In a chronic dietary toxicity study, Dymerex Resin (Rosin, oligomers) was administered to 30 rats/sex/group at target concentrations of 0.050 or 1.0% continuously for 2 years (Industrial Bio-Test Laboratories Inc., 1962c; Klimisch = 3). Toxicity was limited to decreased male body weights at the interim sacrifice in animals administered the test substance at a dietary level of 1.0% but not at the terminal sacrifice, and statistically significant absolute liver weight changes in females. The changes in organ weights were not supported by the histopathological examination and the male body weights at the interim sacrifice returned to values similar to control at the terminal sacrifice.  The NOAEL for chronic toxicity was determined to be 1.0% for male and female rats.

 

In a chronic dietary toxicity study, Poly-Pale Resin (Rosin, oligomers) was administered to 30 rats/sex/group at target concentrations of 0.050 or 1.0% continuously for 2 years (Industrial Bio-Test Laboratories Inc., 1962e; Klimisch = 3). Test material related toxicity was limited to the 1% dietary group and included statistically significant decreased body weights in both sexes of animals at the interim sacrifice with female body weights remaining statistically lower at the terminal sacrifice; an increase in the liver-to-body weight ratio in female rats; and a significant decrease in heart weight, heart-to-body weight, and heart-to-brain weight ratios for both sexes.

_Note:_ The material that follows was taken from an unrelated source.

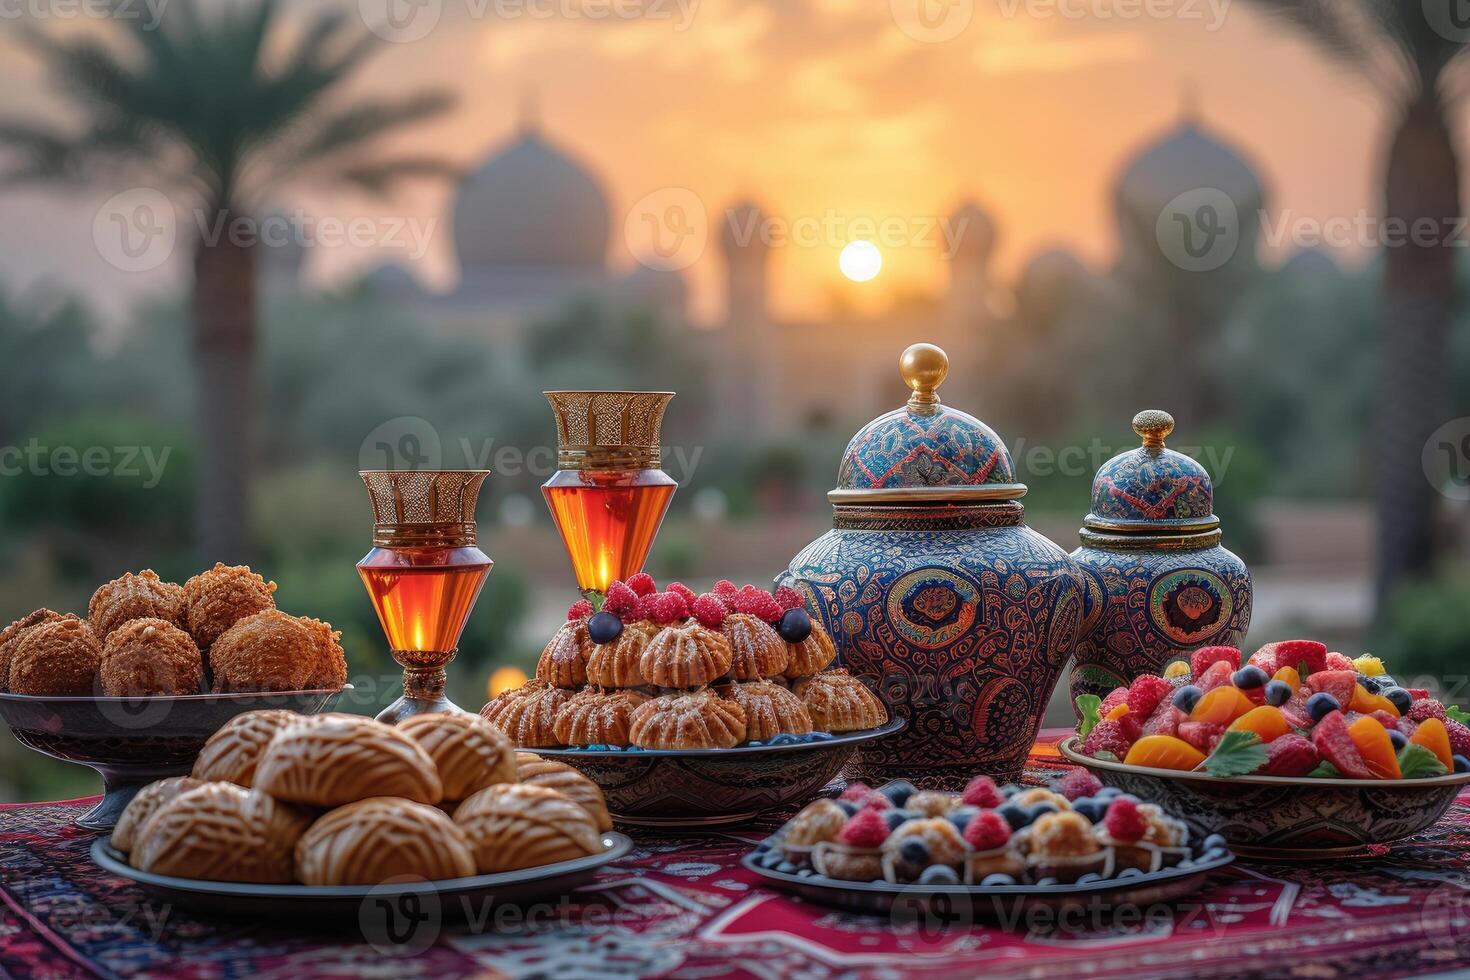 ai generato servi vario pasto per iftar Ramadan pubblicità cibo fotografia foto

The changes in organ weights occurred with no corresponding gross and histopathological effects. Body weight reductions were thought to be related to test substance palatability based on the decrease in total food consumption observed in both sexes at the 52-week observation. The NOAEL for chronic toxicity was determined to be 0.050% for male and female rats. 

 

In a chronic dietary toxicity study, Dymerex Resin (Rosin, oligomers) was administered to 3 dogs/sex/group at target concentrations of 0.050 or 1.0% daily for 2 years (Industrial Bio-Test Laboratories Inc., 1962d; Klimisch = 3). All animals survived to the end of the study and no significant toxicity was observed in any study parameter for the treated animals. The NOAEL for chronic toxicity was determined to be 1.0% for male and female Beagle dogs.

 

In a chronic dietary toxicity study, Poly-Pale Resin (Rosin, oligomers) was administered to 3 dogs/sex/group at target concentrations of 0.050 or 1.0% daily for 2 years (Industrial Bio-Test Laboratories Inc., 1962f; Klimisch = 3). All animals survived to the end of the study and no significant toxicity was observed for any study parameter in any animalThe NOAEL for chronic toxicity was determined to be 1.0% for male and female dogs.

Justification for classification or non-classification

Not classified for specific target organ toxicity – repeated exposure according to EU Classification, Labelling and Packaging of Substances and Mixtures (CLP) Regulation (EC) No. 1272/2008 or UN Globally Harmonized System of Classification and Labelling of Chemicals (GHS).